Fast and Numerically Stable Pairwise Distance Algorithms

Question

I'm looking for resources on fast, numerically stable pairwise euclidean distance algorithms. In particular, suppose $A \in \mathbb{R}^{M \times D}$ and $B \in \mathbb{R}^{N \times D}$ are two sets of row vectors. I would like to compute the matrix,

$$X \in \mathbb{R}^{M \times N}, \quad X_{i,j} = \|A_i - B_j\|_2^2.$$

So far I have found two methods:

Method 1 - The simple approach is to loop over each vector $A_i$ and each vector $B_j$ and populate $X$ with the corresponding sum of squares.

Method 2 - Take advantage of the fact that,

$$\|A_i - B_j\|_2^2 = \langle A_i - B_j, A_i - B_j \rangle = \|A_i\|_2^2 + \|B_j\|_2^2 - 2 \langle A_i, B_j \rangle.$$

Taking advantage of efficient code for computing each of these three terms, Method 2 is almost an order of magnitude faster.
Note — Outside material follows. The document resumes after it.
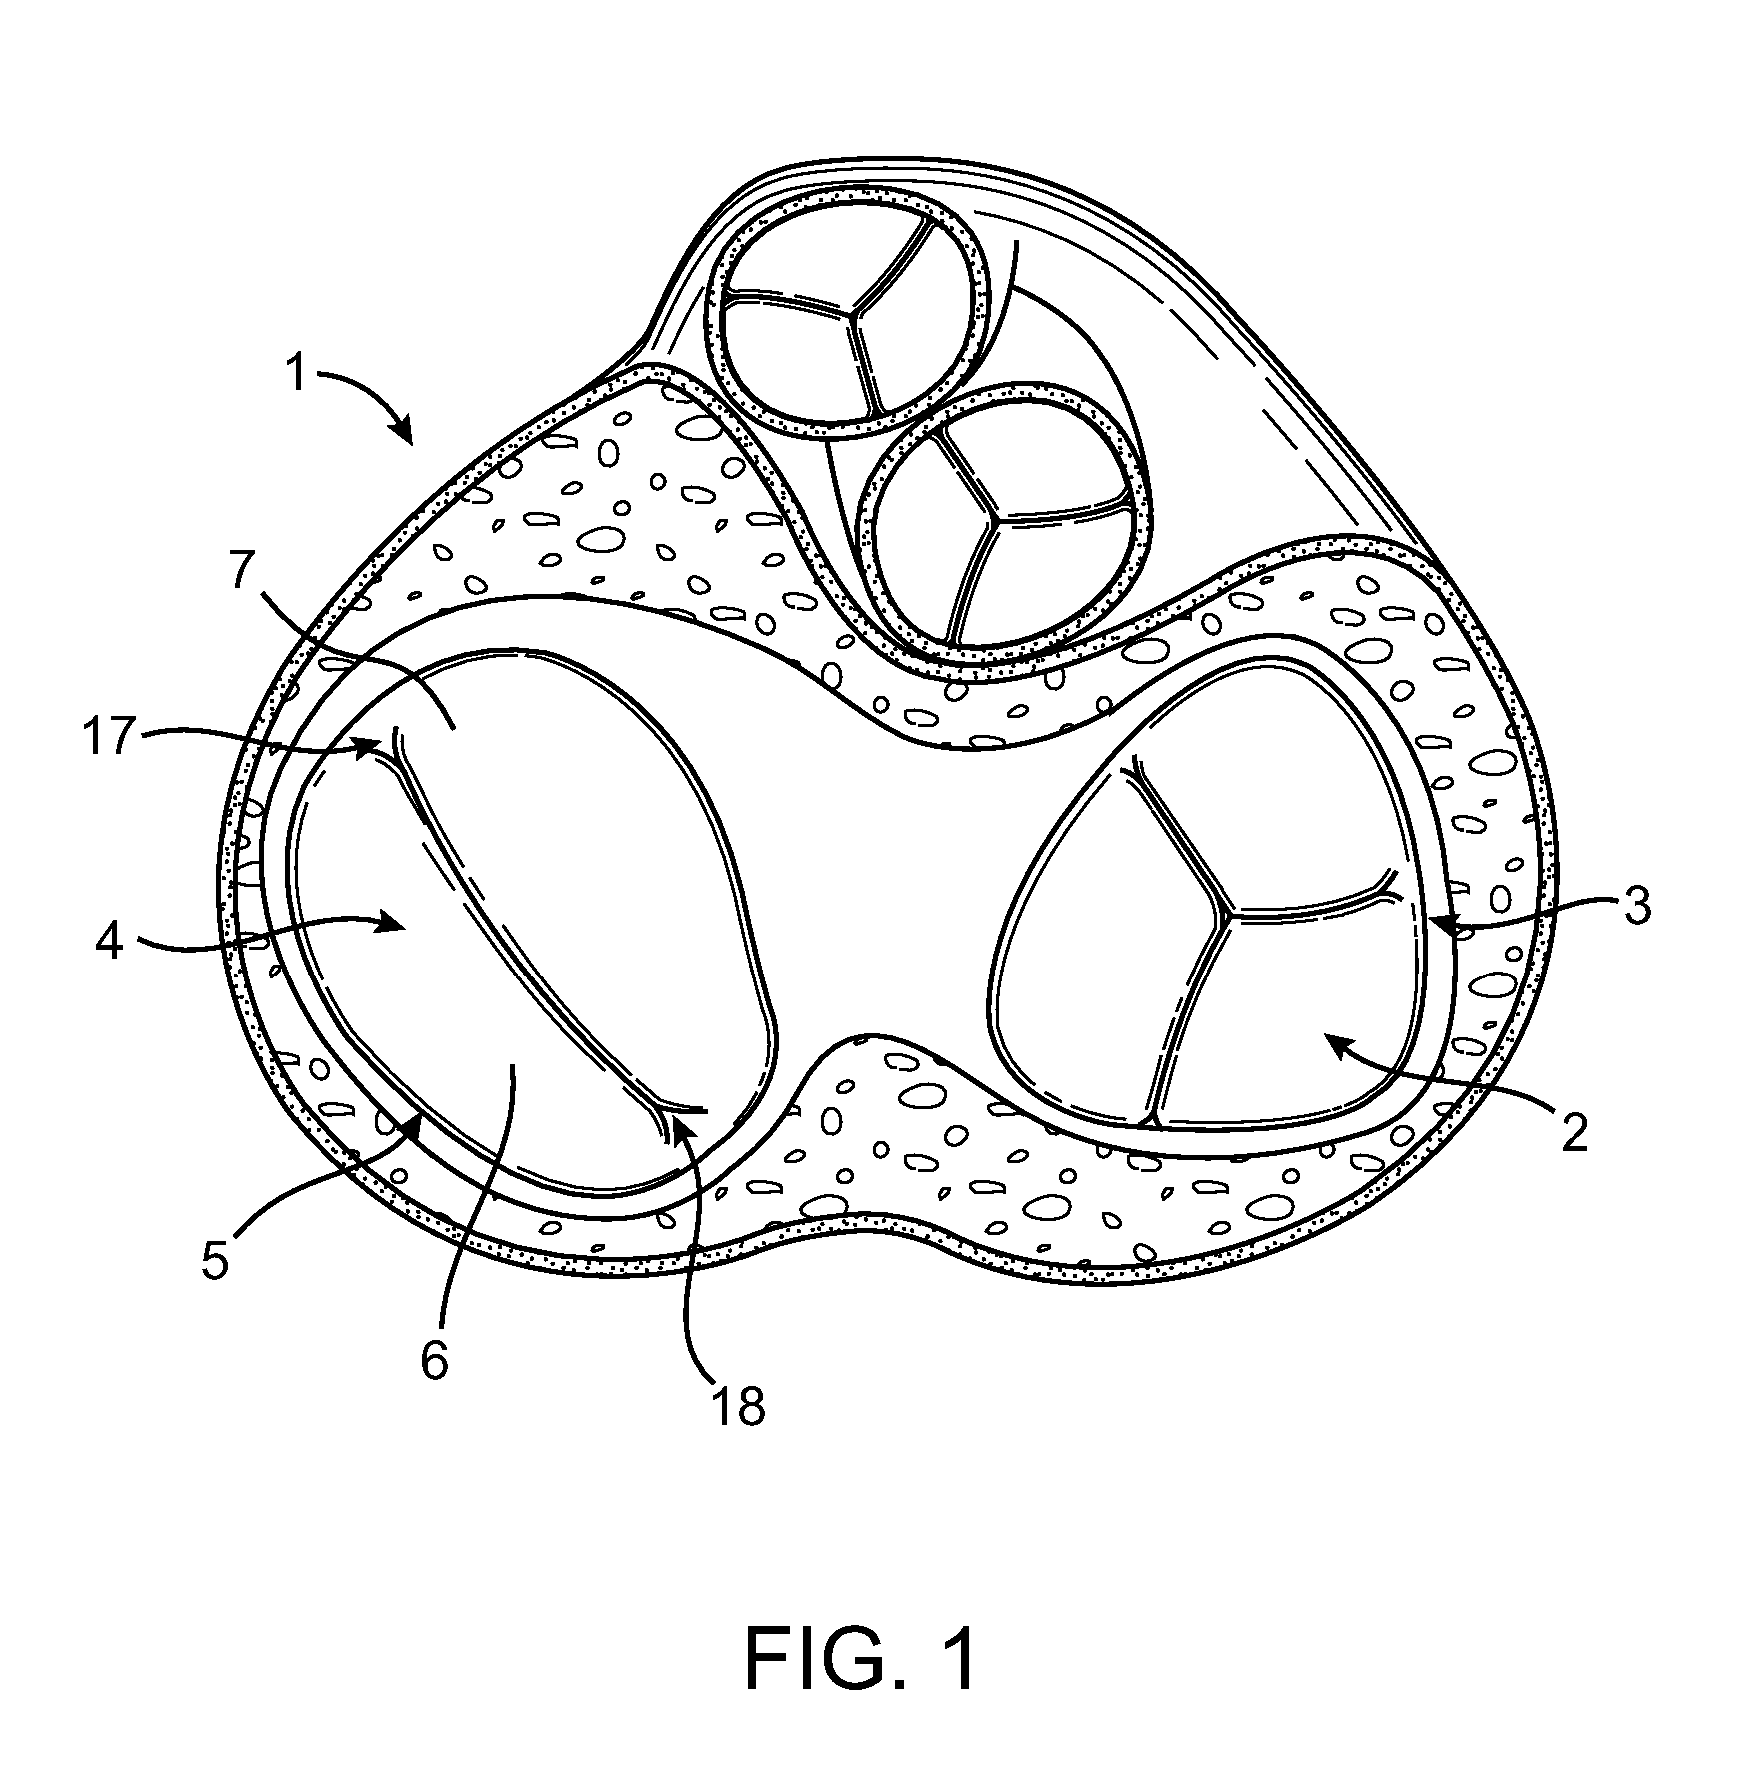 Minimally invasive procedure for implanting an annuloplasty device

However, it is less numerically stable than Method 1. For example, Method 2 can output negative distances.

Are there alternate approaches to computing pairwise distances which are faster than Method 1 but guarantee (at the very least) all non-negative distances? have better numerical stability?

Code Demonstration - Below is an example comparison written in Python. Scipy's cdist() function is, effectively, an implementation of Method 1 whereas cdist_fast() below is an implementation of Method 2:

# experiment.py
import numpy as np
import time
from scipy.spatial.distance import cdist


def cdist_fast(XA, XB):
    XA_norm = np.sum(XA**2, axis=1)
    XB_norm = np.sum(XB**2, axis=1)
    XA_XB_T = np.dot(XA, XB.T)
    distances = XA_norm.reshape(-1,1) + XB_norm - 2*XA_XB_T
    return distances


def main():
    M,N = 5000, 128
    XA = np.random.randn(M,N)

    t = time.time()
    distances_cdist = cdist(XA, XA, metric='sqeuclidean')
    time_cdist = time.time() - t

    t = time.time()
    distances_cdist_fast = cdist_fast(XA, XA)
    time_cdist_fast = time.time() - t

    print(f'time_cdist = {time_cdist:.3f} s')
    print(f'time_cdist_fast = {time_cdist_fast:.3f} s')

    # check validity of results
    assert np.allclose(distances_cdist, distances_cdist_fast)

    # check that the results are non-negative
    try:
        assert (distances_cdist >= 0.0).all()
    except AssertionError:
        print('Numerical instability in cdist()')

    try:
        assert (distances_cdist_fast >= 0.0).all()
    except AssertionError:
        print('Numerical instability in cdist_fast()')


if __name__ == '__main__':
    main()

Script output on a 3.1 GHz Intel Core i7:

$ python experiment.py
time_cdist = 3.457 s
time_cdist_fast = 0.625 s
Numerical instability in cdist_fast()

Answer 1

I would strongly advise against using the method 2: $$\|A_i - B_j\|_2^2 = \langle A_i - B_j, A_i - B_j \rangle = \|A_i\|_2^2 + \|B_j\|_2^2 - 2 \langle A_i, B_j \rangle.$$ whether you are uing the absolute value on top of it or not. Because you are going to get your positive (but wrong) distances; however, you are still lacking any numerical stability.

Now, for 5000 vectors in $\mathbb R^{128}$, your (scipy) stable version is only ~6 times slower than the fast one. I don't think you are able to find a numerically stable version that is faster than provided by scipy.cdist. I would make sure that it is actually a bottleneck in your code. Especially since method 1 naturally sums only positive entries, an ideal and cheap scenario to not deal with the stability!

You definitely can try using Kahan or Neumaier summation, but I would be surprised that if they are employed (note, Neumaier has to be applied for each entry individually), the aforementioned method 2 would be any faster than scipy.cdist, most likely, at least tens time slower.

However, if the positiveness of the distance is the only thing you care, you certainly can use an absolute value on top of your cdist_fast(.,.) function.

Answer 2

The computed values are negative only when $A_i = B_j + O(\varepsilon)$, where $\varepsilon$ is the machine precision. The negative values are round-off errors.

If you return the absolute value of your computation, $\left| ||A_i||_2^2 + ||B_j||_2^2 - 2 <A_i,B_j> \right|$, you get the speed-up and positive numbers.